=== Data section ===

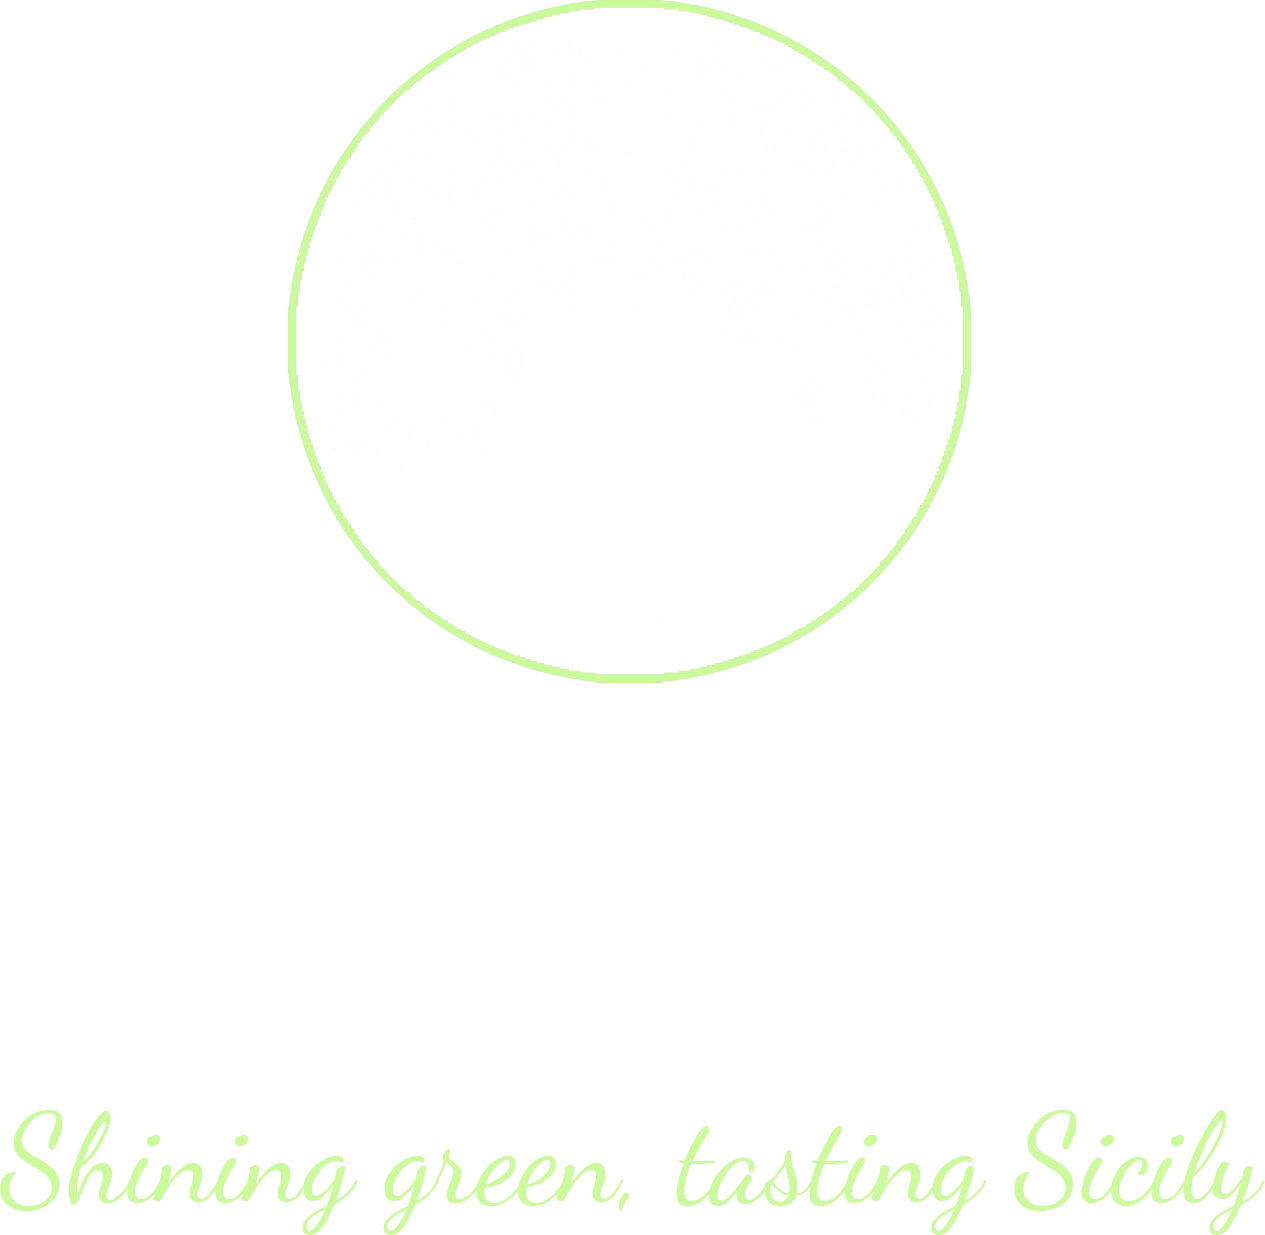 Olio Nocella Logo
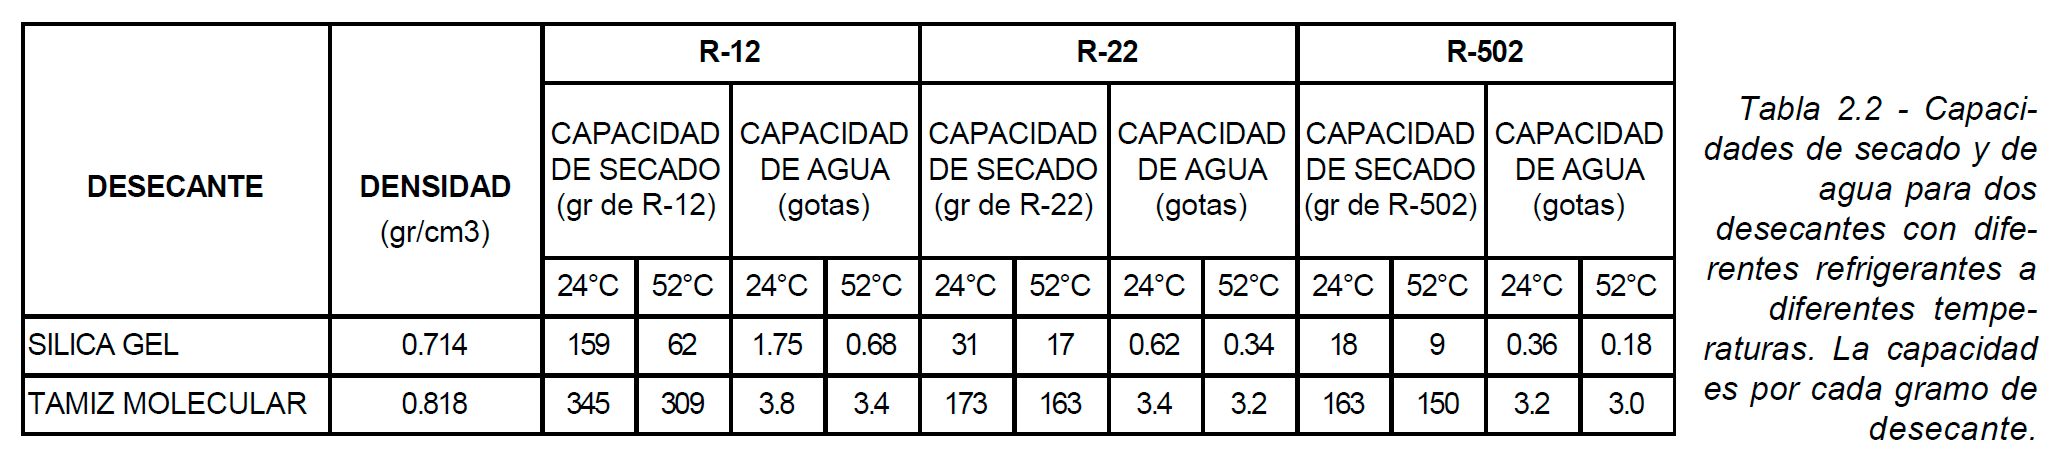 Capacidades de secado y de agua para dos desecantes  con  diferentes  refrigerantes  a diferentes  temperaturas.
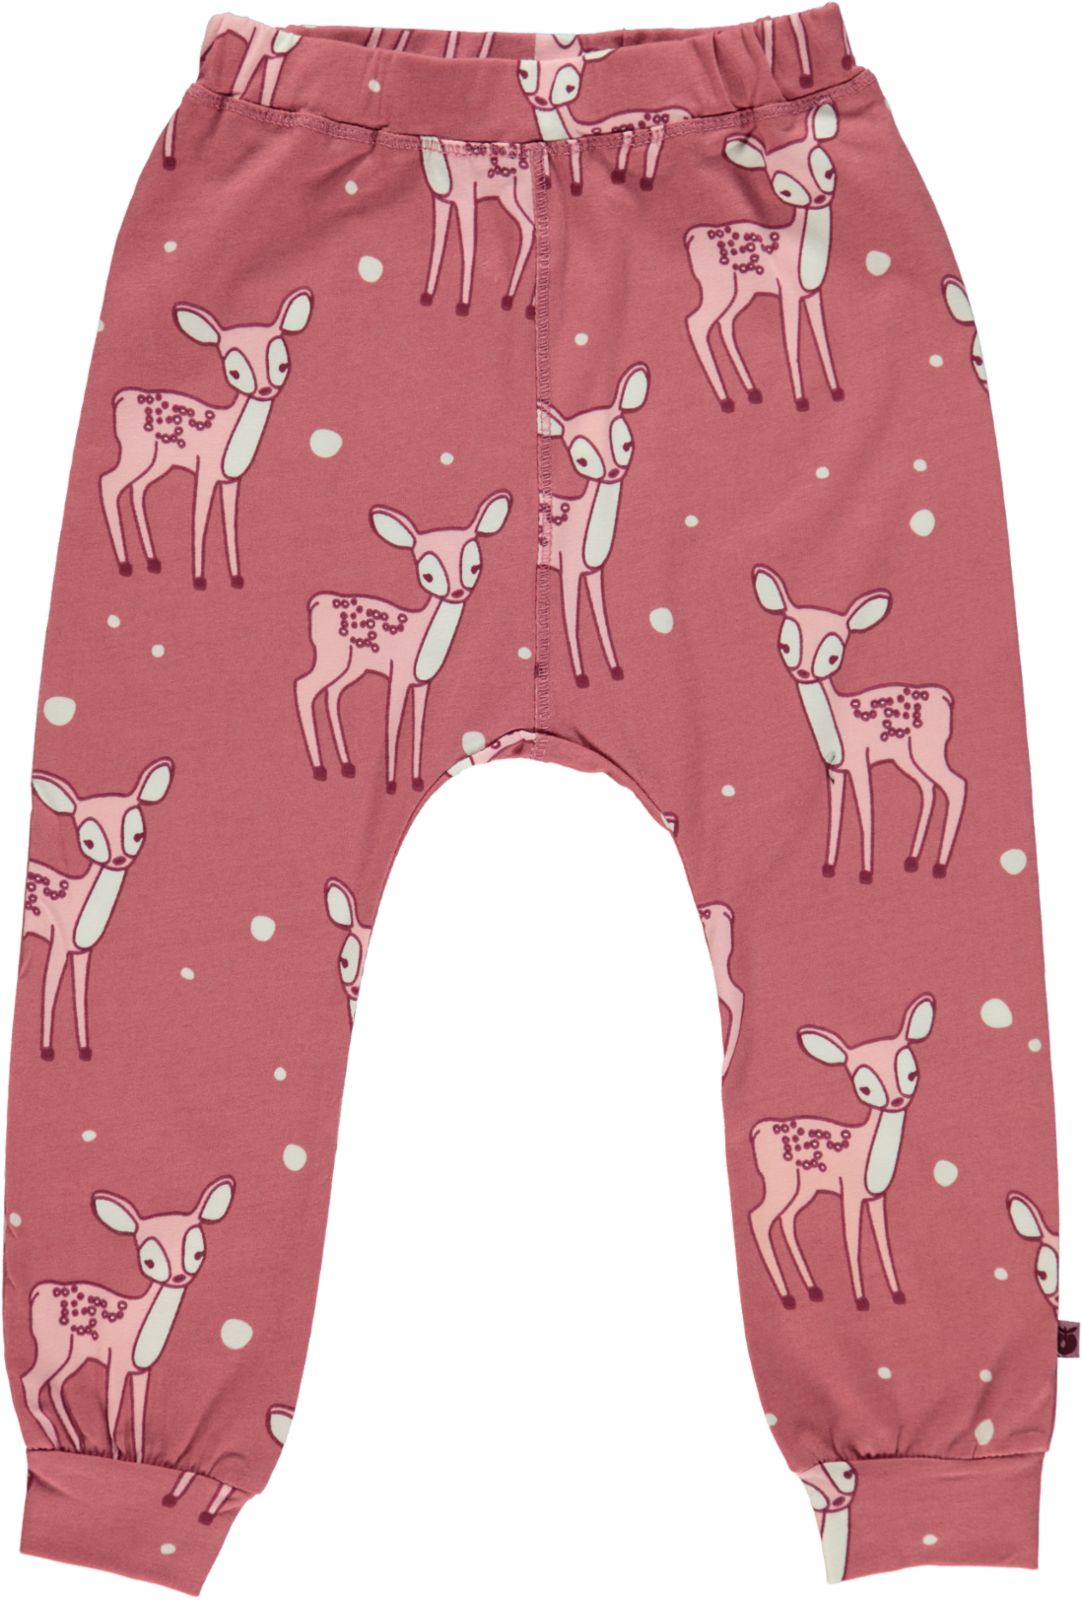 Pants. Deer. E.24

===

## Task brief
Reproduce the preceding material exactly, skipping pictures.

## Solution to the problem
 Olio Nocella Logo
 Capacidades de secado y de agua para dos desecantes  con  diferentes  refrigerantes  a diferentes  temperaturas.
 Pants. Deer. E.24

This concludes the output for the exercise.